The bulls have been triumphant so far, as TSLA shares are now trading for more than $2,000… and the company’s market cap is approaching $400 billion. Will this continue?

For the bull case, watch this long (43-minute) conversation between Tesla Daily’s Rob Maurer and Mad Money’s Jim Cramer (hint: listen at 2x speed): Jim Cramer & Rob Maurer Discuss TSLA Stock, Elon Musk, Tesla’s Battery Day, and Tesla’s Advantages

For the bear case, here’s the latest from my friend Doug Kass of Seabreeze Partners, who thinks “the stock may represent the largest single bubble – as measured by market capitalization of nearly $400 billion – in history”…

Trade of the Week (and Investment Short) – Short Tesla ($2014)

* I have assiduously avoided shorting Tesla for years.

* No more…

Telsa’s shares have climbed from [roughly] $350/share on March 19, 2020 to over $2,000 today.

It can now be argued that Tesla’s shares represent not only a good short-term short but, at current prices, the stock may represent the largest single bubble – as measured by market capitalization of nearly $400 billion – in history.

Here are the major points to my short investment thesis:

* Tesla has a shallow moat – the manufacturer has nothing that is proprietary in terms of electric car technology. Tesla’s competitors (in the U.S., Europe, and in China) have a century of experience consistently manufacturing and distributing high-quality automobiles which subsidized ongoing operating losses from their electric car endeavors.

* Polestar, Audi, Volkswagen (VLKAF), and others have highly rated electric vehicle (“EV”) offerings that are now or will be shortly offered.

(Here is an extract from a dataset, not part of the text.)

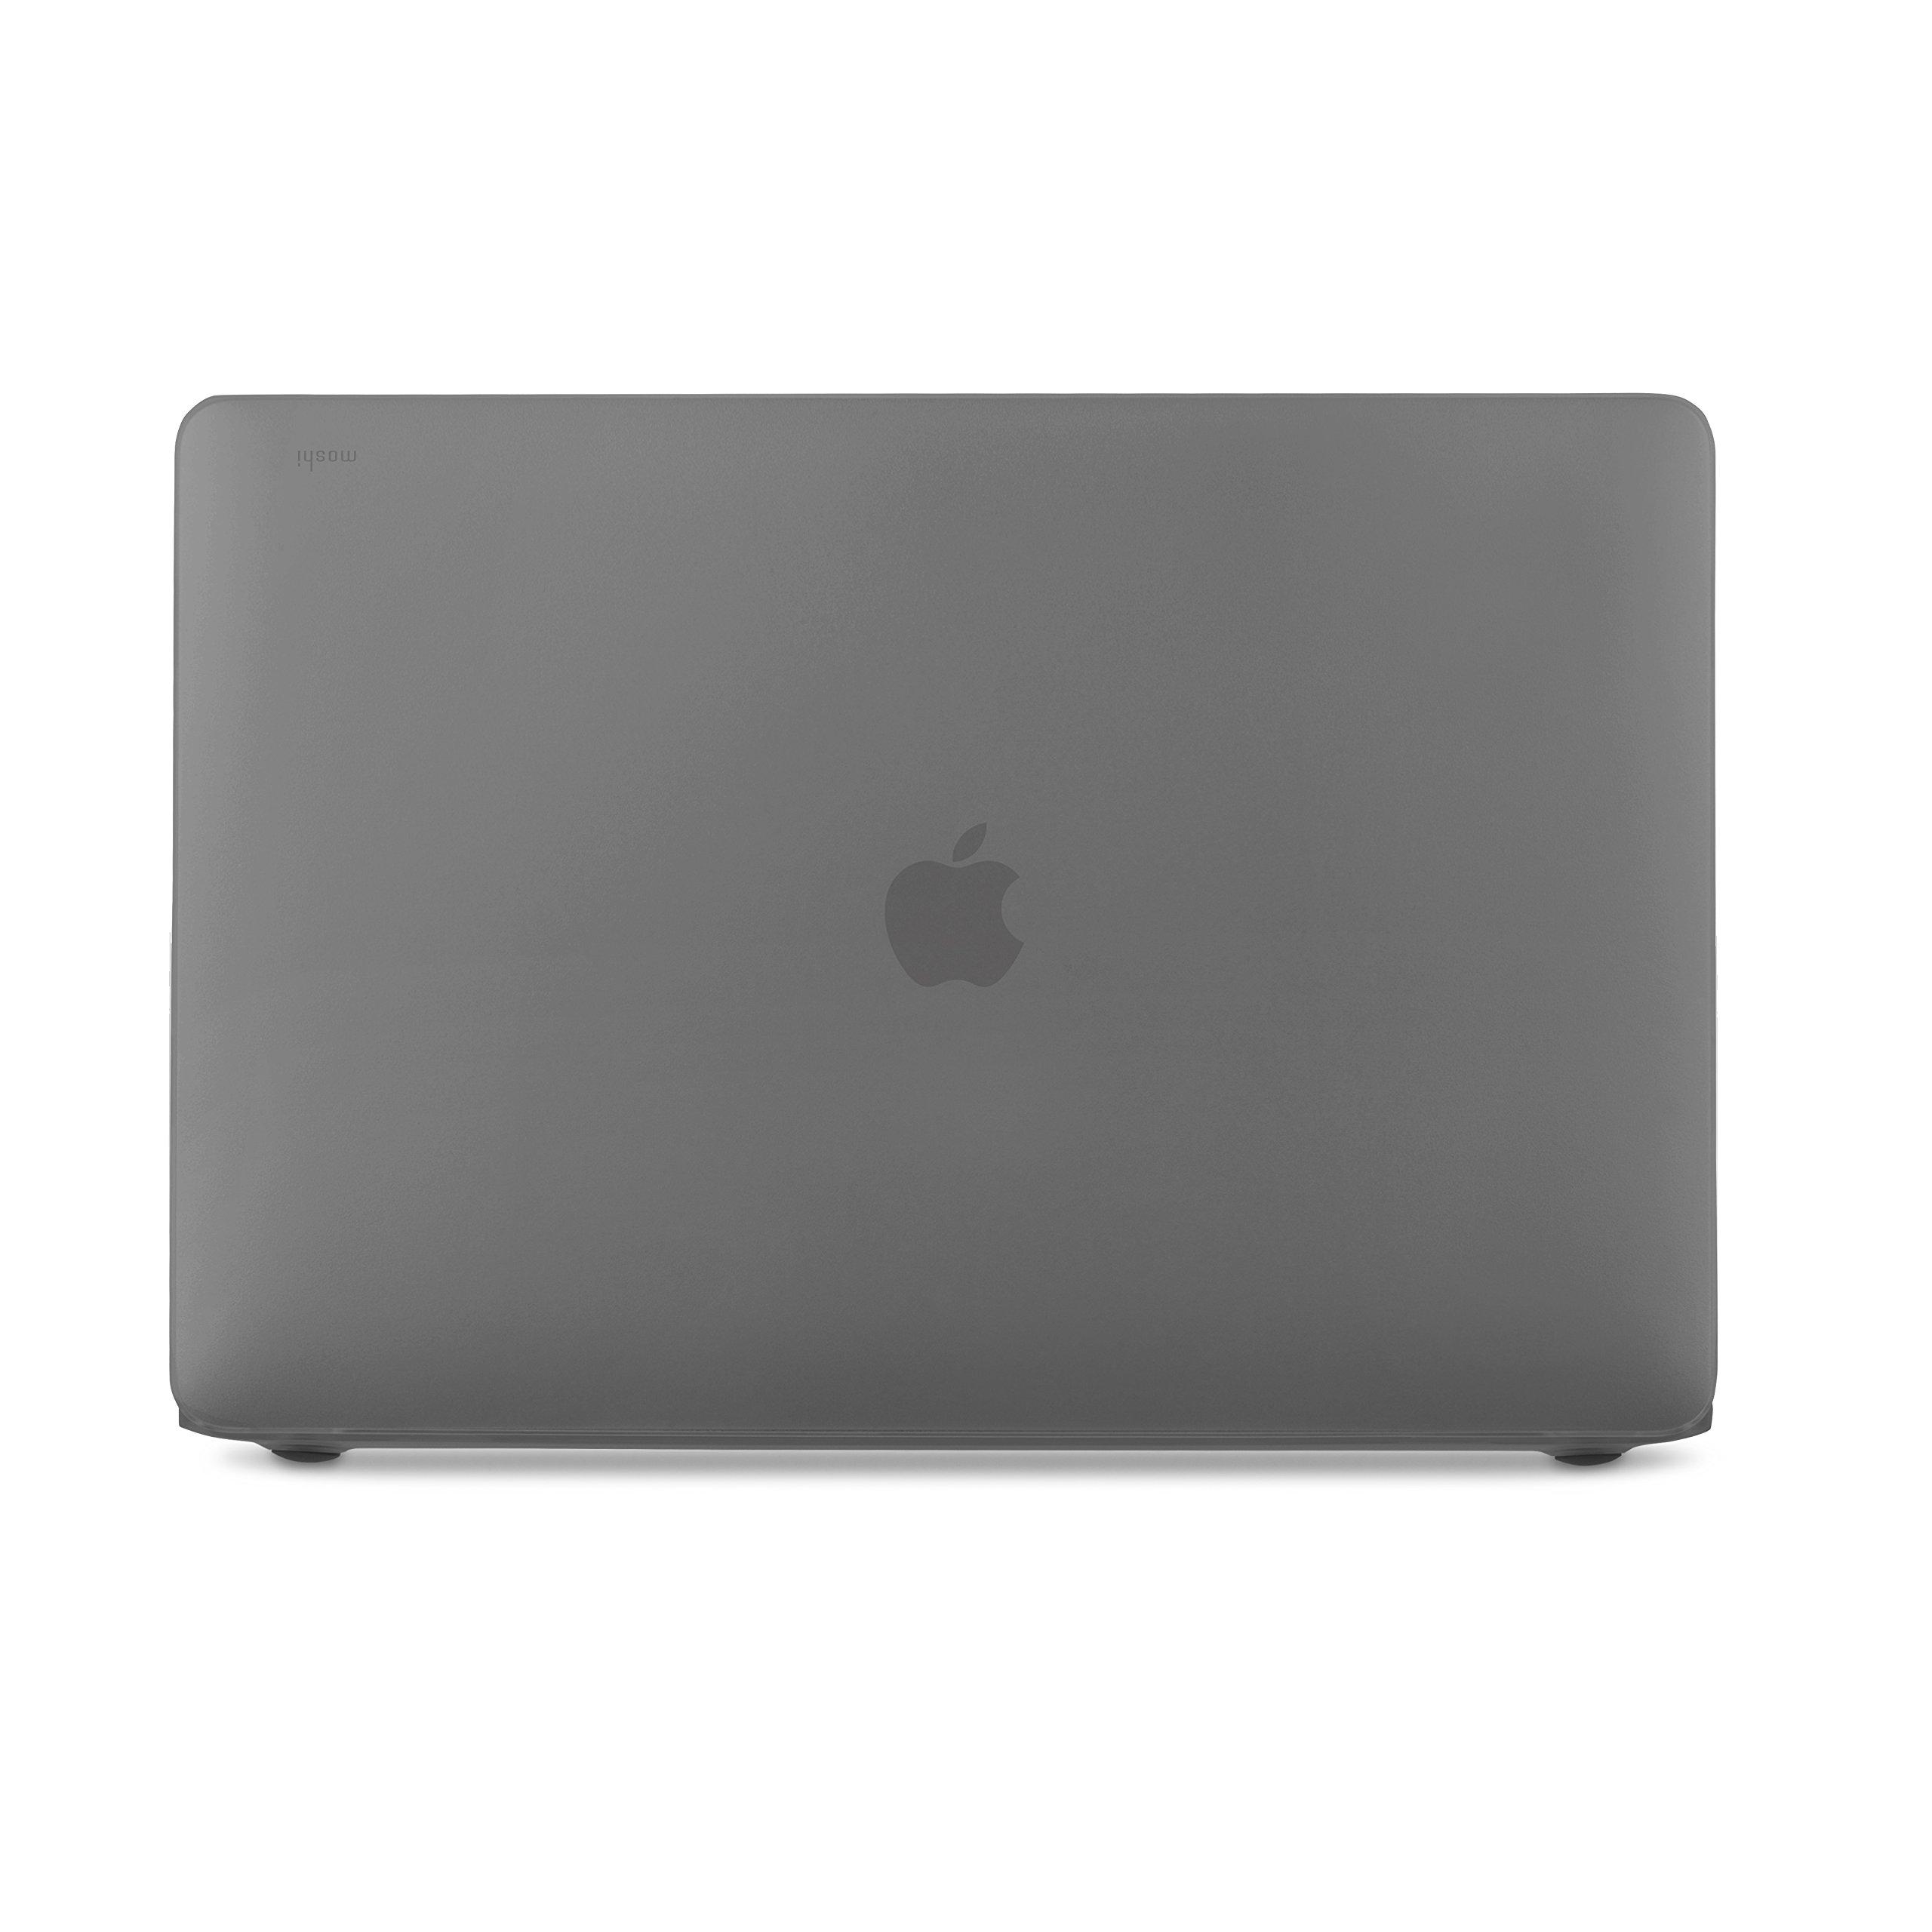 Moshi 99MO071006 iGlaze Hard Case for 2018 New MacBook Pro Retina 15'' & Thunderbolt 3 with Touch Bar, Stealth Black by Moshi (Image #3)

* Adjusted for the sale of emission credits, Tesla has never been profitable in its 17 years of existence (despite having no competition and no need for advertising). In July, Tesla reported second quarter net income of $104 million, which included $428 million of pure profit emission credit sales, a revenue stream that will be drastically reduced later this year and which Tesla openly admits will disappear completely some time in 2021 (when other manufacturers have enough EVs of their own). Excluding that, Tesla lost $324 million and that’s before the accounting of a questionably low warranty reserve. The worrisome and accounting, recently pointed out by @WallStCynic, “depreciation and amortization was down (!) year over year despite a new factory coming on line. SG&A and research and development was also down year over year.” While sales are shrinking, the accounts receivable line is growing (remember this is a company that demands pre-payment before delivery.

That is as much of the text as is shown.